Food Trust, a blockchain-based information-sharing platform, securely connects supply chain data across the ecosystem to enable unprecedented trust and transparency. In addition to providing provenance insights, network members such as BrightFarms are realizing benefits around optimized supply chain processes, increased freshness, improved food safety, minimized waste and fraud and more.

“BrightFarms is committed to providing our retail partners and consumers with the safest, cleanest and most responsibly grown produce,” said Jackie Hawkins, senior manager of food safety at BrightFarms. “Local, controlled environment supply chains already maintain a higher degree of structural safety benefits when compared to field grown produce form the West Coast, and Food Trust will be a valuable tool for highlighting those benefits. We’re giving our retail partners the trust and assurance that’s needed in today’s market.”

“By joining IBM Food Trust, we are establishing an enhanced level of transparency to guarantee greater trust for retail partners. With Food Trust, partners such as Walmart can easily and reliably trace our leafy greens to their source in a matter of seconds,’ Lightfoot said.

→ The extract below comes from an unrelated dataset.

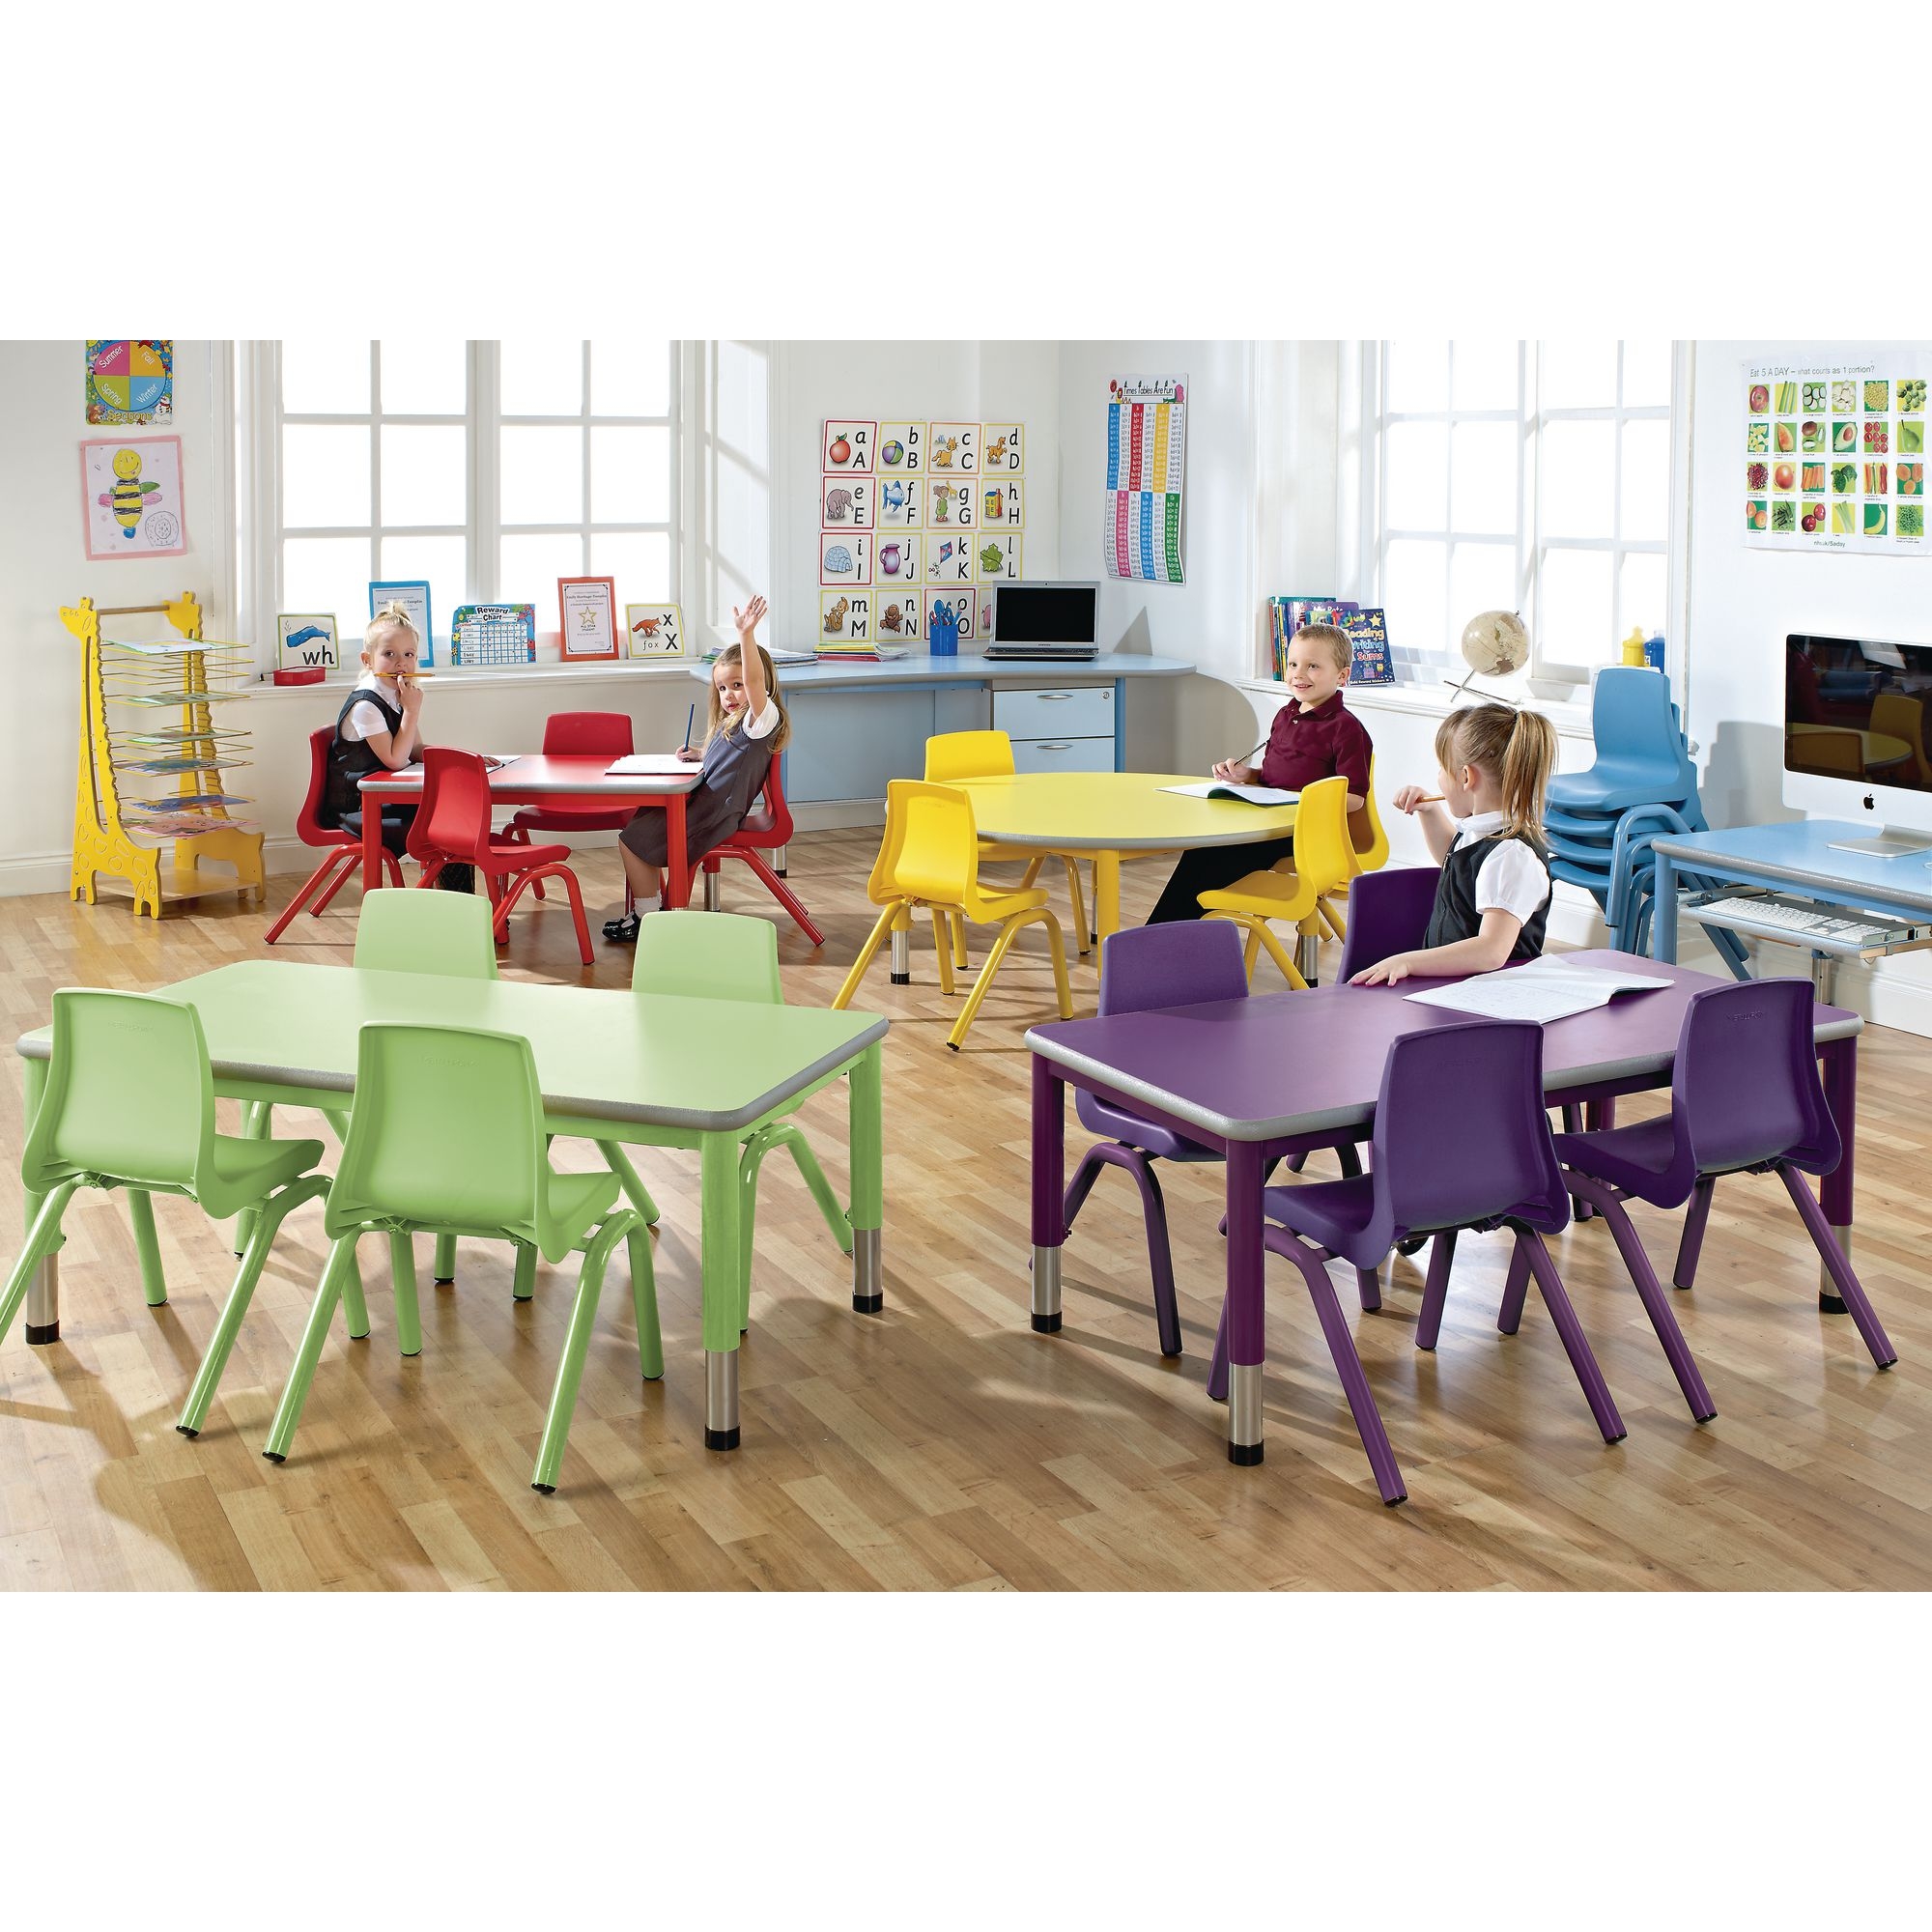 Harlequin Rectangular Height Adjustable Steel Classroom Pack: Table and 4 Chairs - 900 x 600 x 590mm - Purple
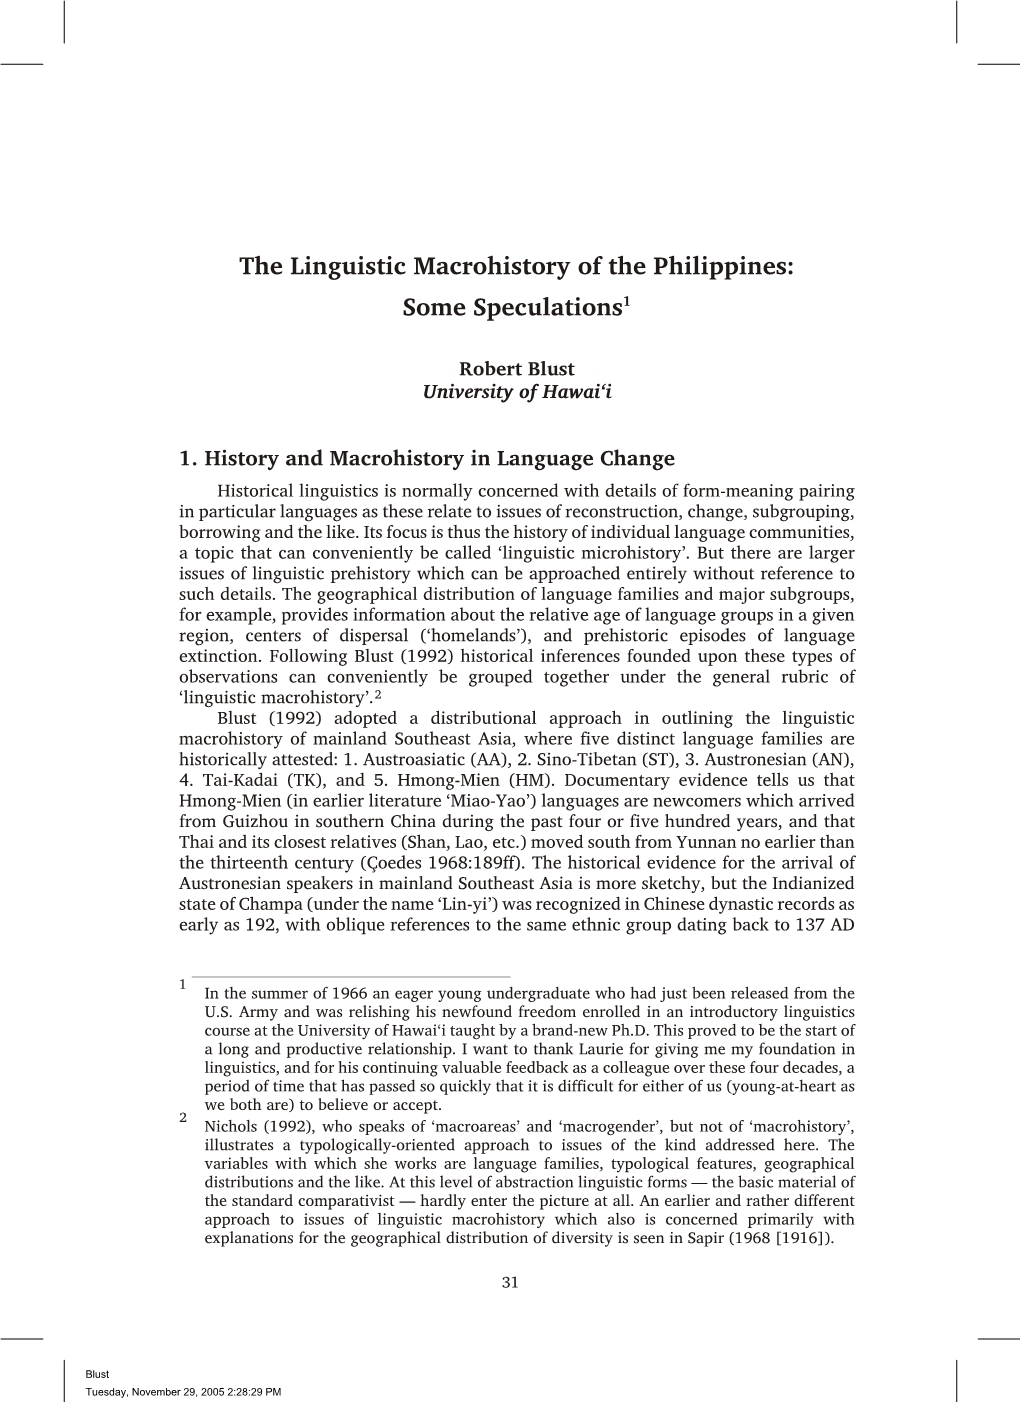 The Linguistic Macrohistory of the Philippines: Some Speculations1

BrightFarms is deploying the technology to its retail partners that also opt into the network.

Organic outlook

Norbury said the company is “looking into becoming organic certified. We’re open to the possibility. In general, two biggest areas of growth are local and organic. We’re looking at the feasibility of becoming organically certified within the next 18 months.”

“We’re working with some suppliers to get the right inputs,” Norbury said of the complicated process. “We’re running a feasibility study now, and will test it if it works out that’s what consumers want. People are going to want to continue to eat healthier. I believe that, yes, (the organic) sector will continue to grow and be there.”

BrightFarms is constantly innovating to stay ahead of the curve, Norbury said. “We’re proud of what we’re doing.”